▸ **EXERCISE AIM**:
Here the job is to retype the data word for word while leaving the pictures aside.

▸ **DATA EXTRACT**:
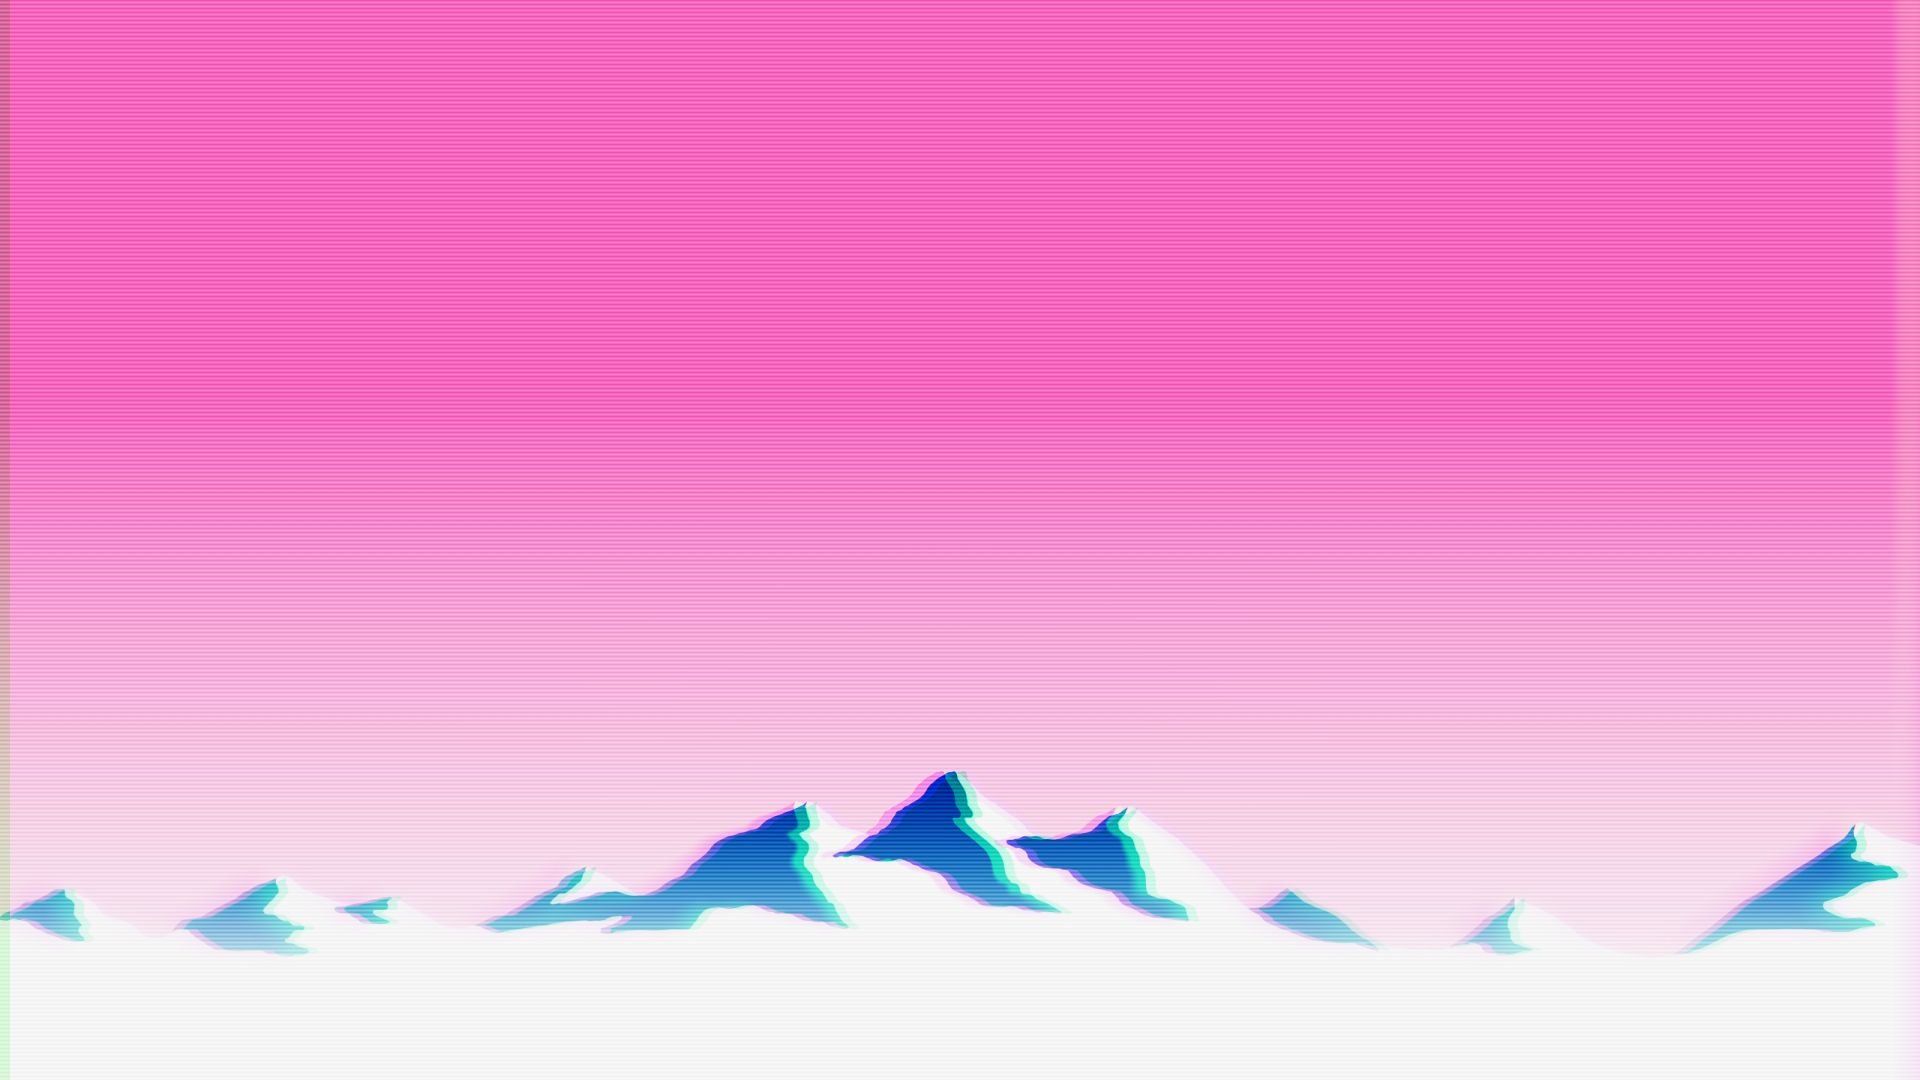 A pink and blue mountain landscape with snow - Vaporwave
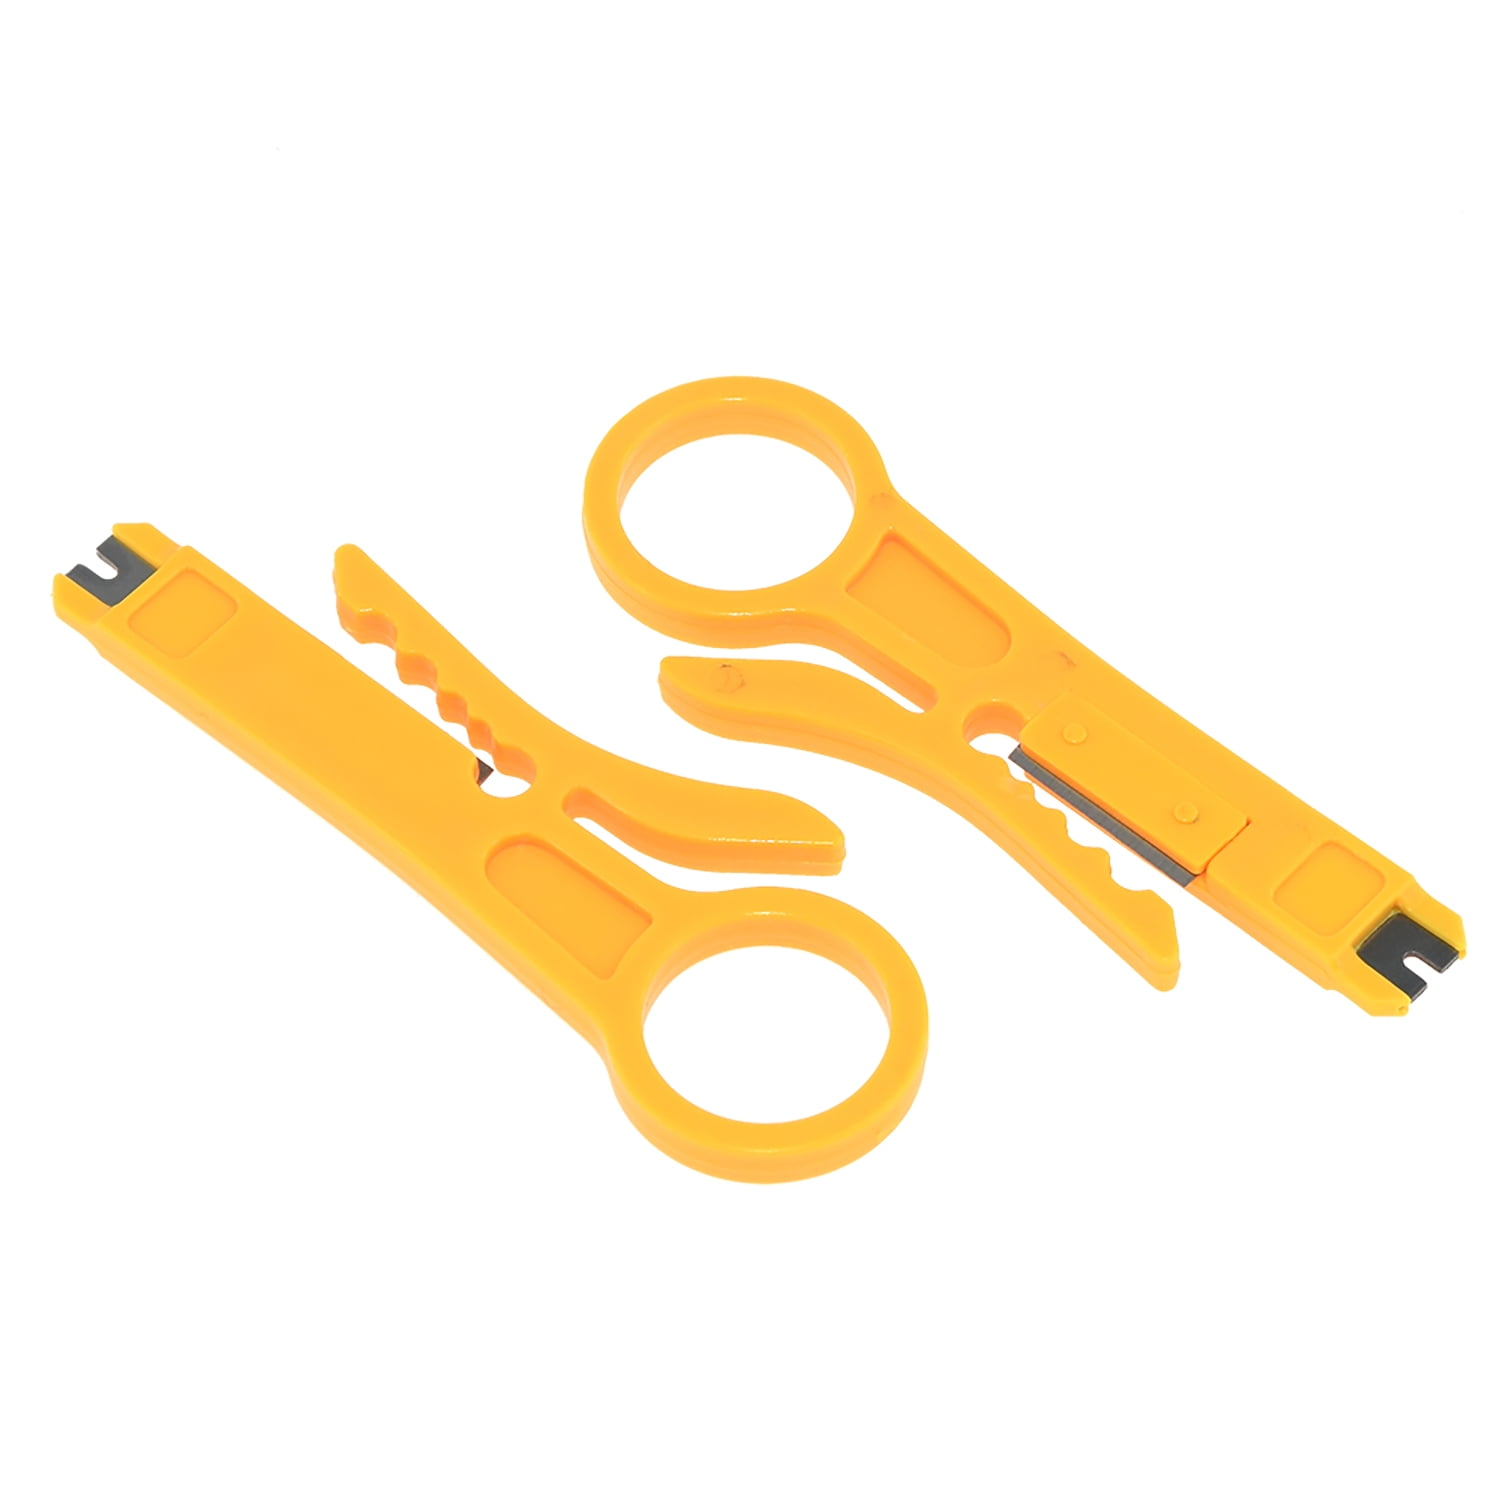 Practical Mini Wire Cutter Blade Small Yellow Wire Stripper Stripping Cutter D 
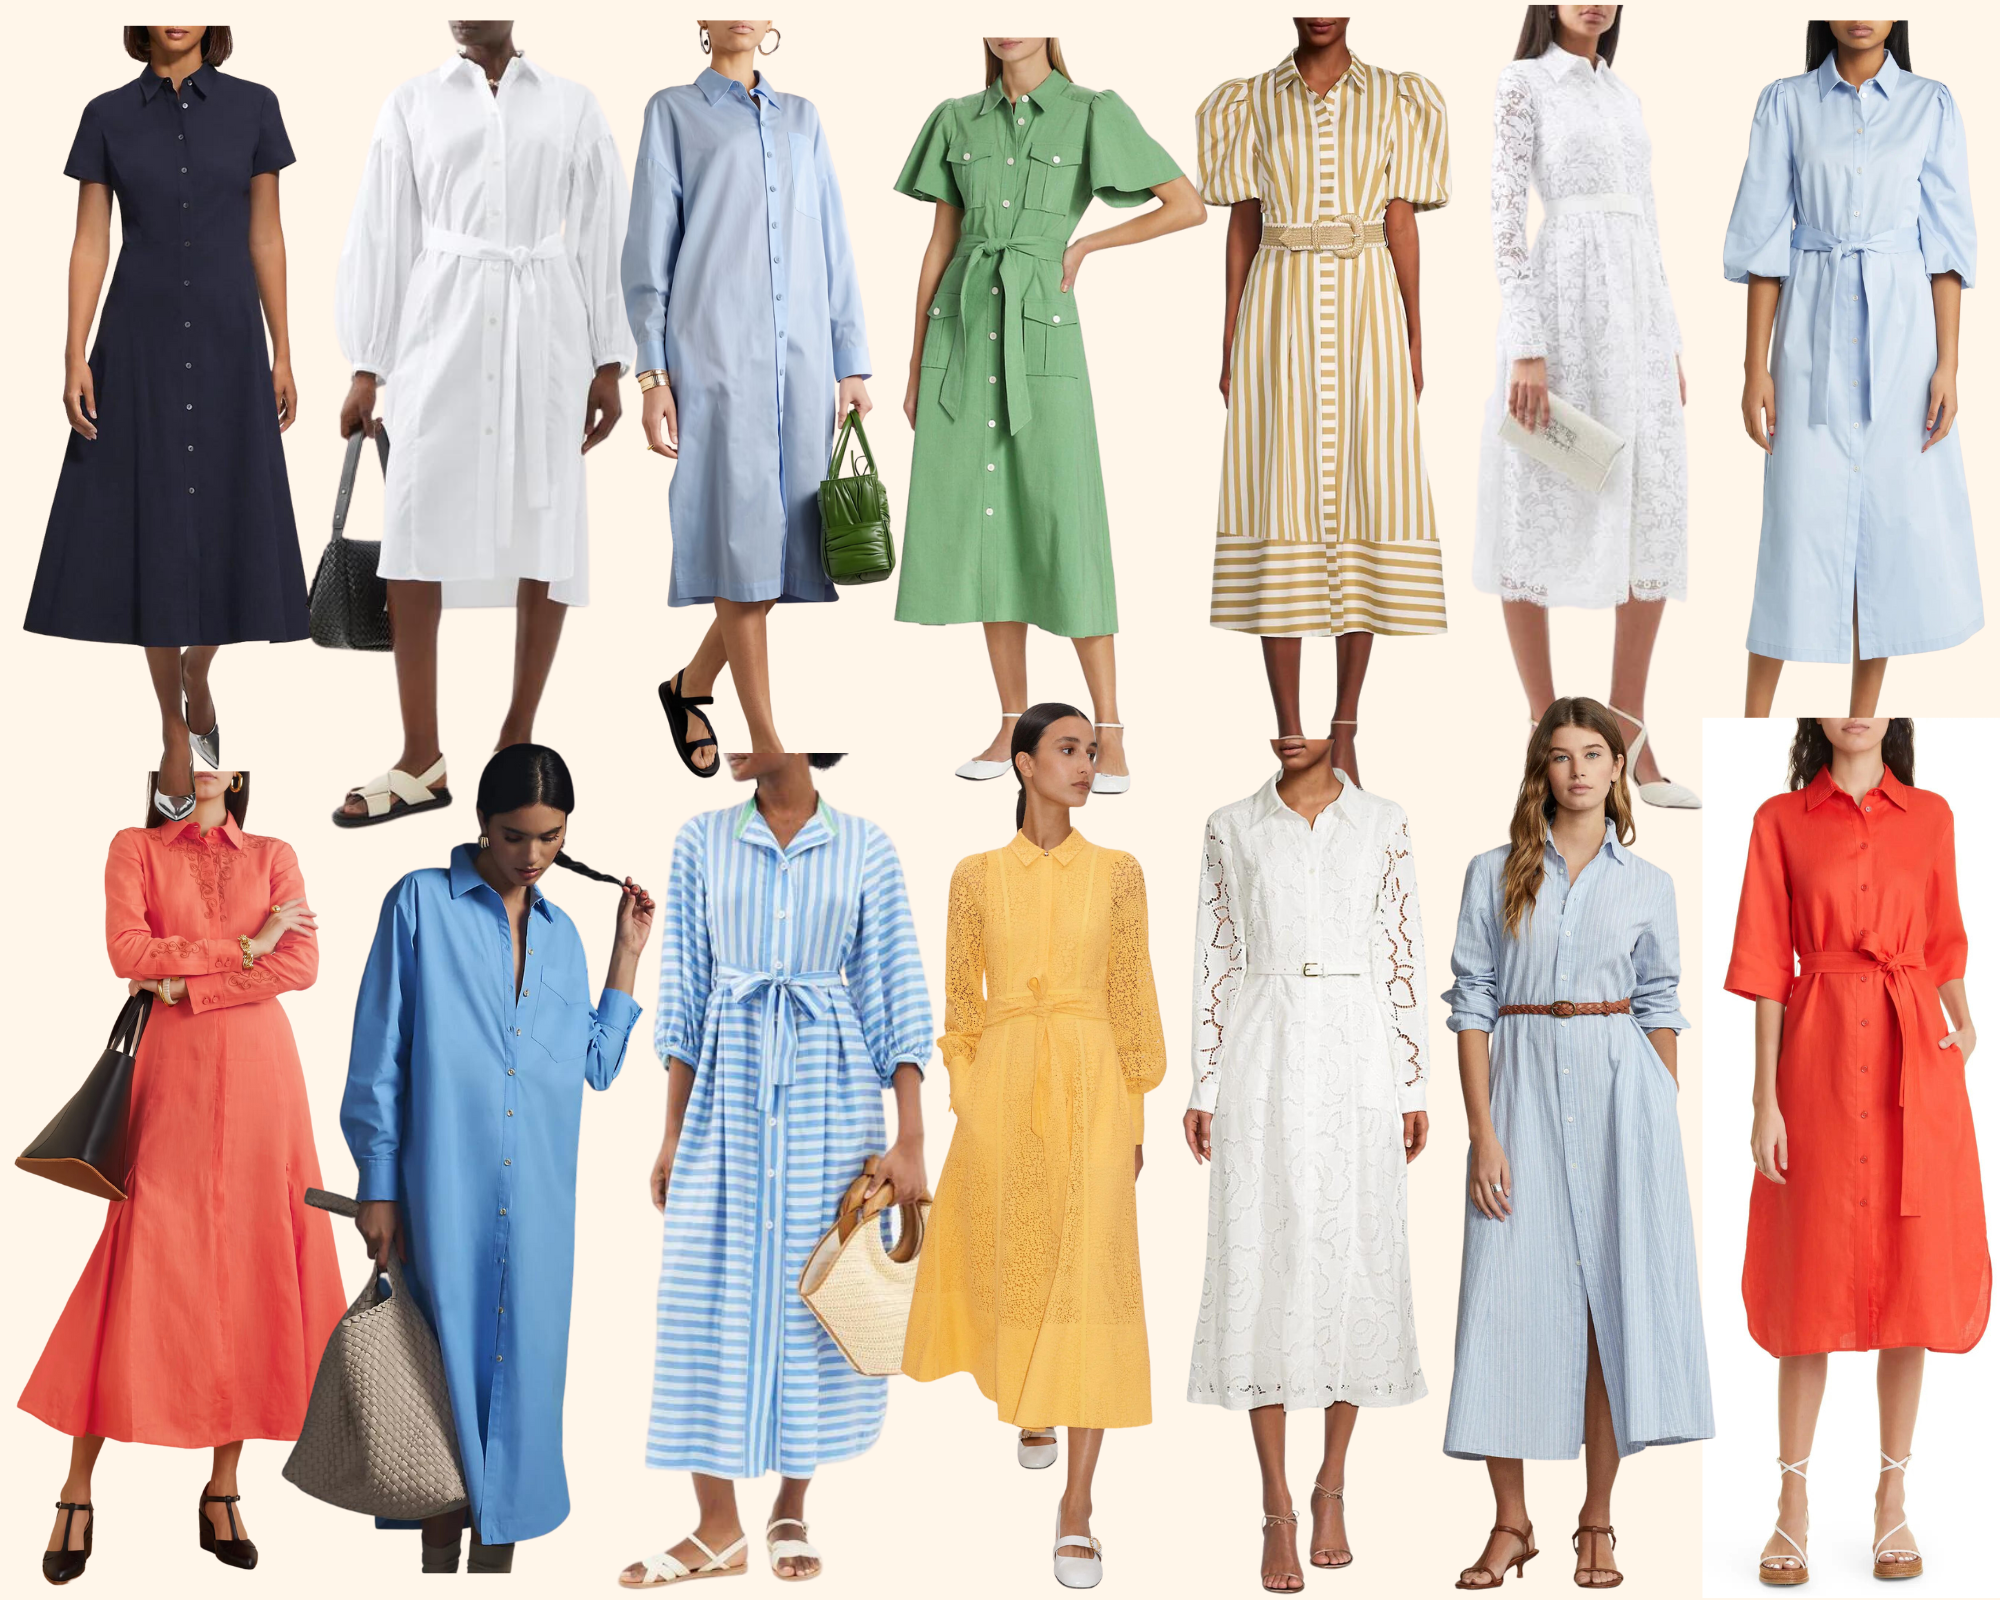 Habitually Chic® » 31 Chic Shirt Dresses for Warmer Weather

▸ **ANSWER BOX**:
 A pink and blue mountain landscape with snow - Vaporwave
 Practical Mini Wire Cutter Blade Small Yellow Wire Stripper Stripping Cutter D 
 Habitually Chic® » 31 Chic Shirt Dresses for Warmer Weather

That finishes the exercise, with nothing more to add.